Minghua Zhang is Dean and Director of the School of Marine and Atmospheric Sciences. He received PhD at the Institute of Atmospheric Physics at the Chinese Academy of Sciences. He joined Stony Brook in 1988 as a postdoctoral scholar. He later became an Assistant and Associate Professor, then Professor and Director of the Institute for Terrestrial and Planetary Atmospheres for ten years, and Associate Dean of the School of Marine and Atmospheric Sciences for eight years before he became Dean of SoMAS. He is also the Director of the Marine Sciences Research Center. Dr. Zhang's research focuses on numerical modeling of climate and global climate change. It includes development and analysis of physical parameterizations in general circulation models, diagnostic study of feedback processes in the climate system, understanding of past and future climate changes, by using models and measurements from satellites and other sources. His research on model development focuses on moist processes related to clouds, radiation, convections, boundary layer turbulence, and their interactions, with the goal of improving global models to more accurately predict climate change on a wide range of time and spatial scales. He has also participated in several field large-scale atmospheric field experiments and developed a variational method to integrate heterogeneous measurements from multiple measurement platforms with results used by most major climate modeling centers in the world. He also does research on the dynamics of large-scale atmospheric waves, such as their excitation, propagation, dissipation, and interaction with atmospheric circulations

Dr. Zhang is Principal Investigator of the US Department of Energy's Atmospheric Radiation Measurement Program (ARM) and the Climate Change and Prediction Program (CCPP), Principal Investigator of the NASA Modeling and Analysis Program (MAP), and a past recipient of the Early Faculty Award of the National Science Foundation. He has authored or co-authored more than100 papers and two books​ on climate and atmospheric sciences. He has served on many editorial boards, including as Editor of the Journal of Advances in Modeling Earth Systems (JAMES).
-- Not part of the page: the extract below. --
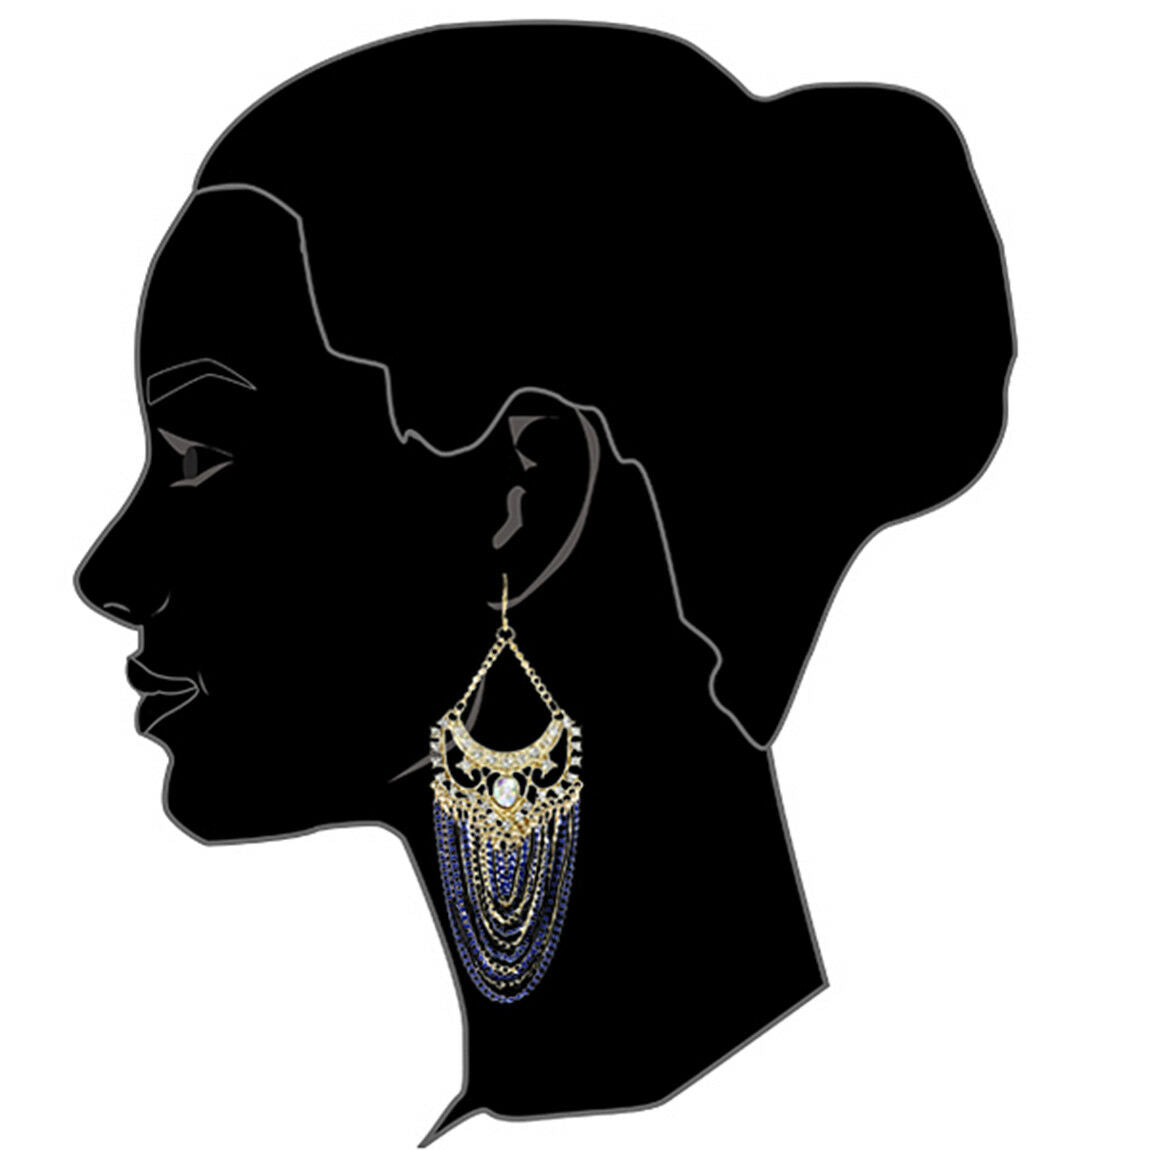 Amrita Singh Gold Crystal Elizabeth Street Blue Chain Earrings ERC 2027 NWT

He also serves on many advisory and professional committees, including the Advisory Committee of the US Department of Energy on Biological and Environmental Research (BERAC)​, the Steering Committee of the International Global Water and Energy Cycle Program (GEWEX)​, and the Scientific Steering Committee of the Global Change Program of the Chinese Ministry of Science and Technology (MOST)​. He is an elected member of the Eurasian Academy of Sciences, Fellow of American Meteorological Society, ​ and a co-recipient of the 2007 Nobel Peace Prize for his work with the Intergovernmental Panel on Climate Change (IPCC).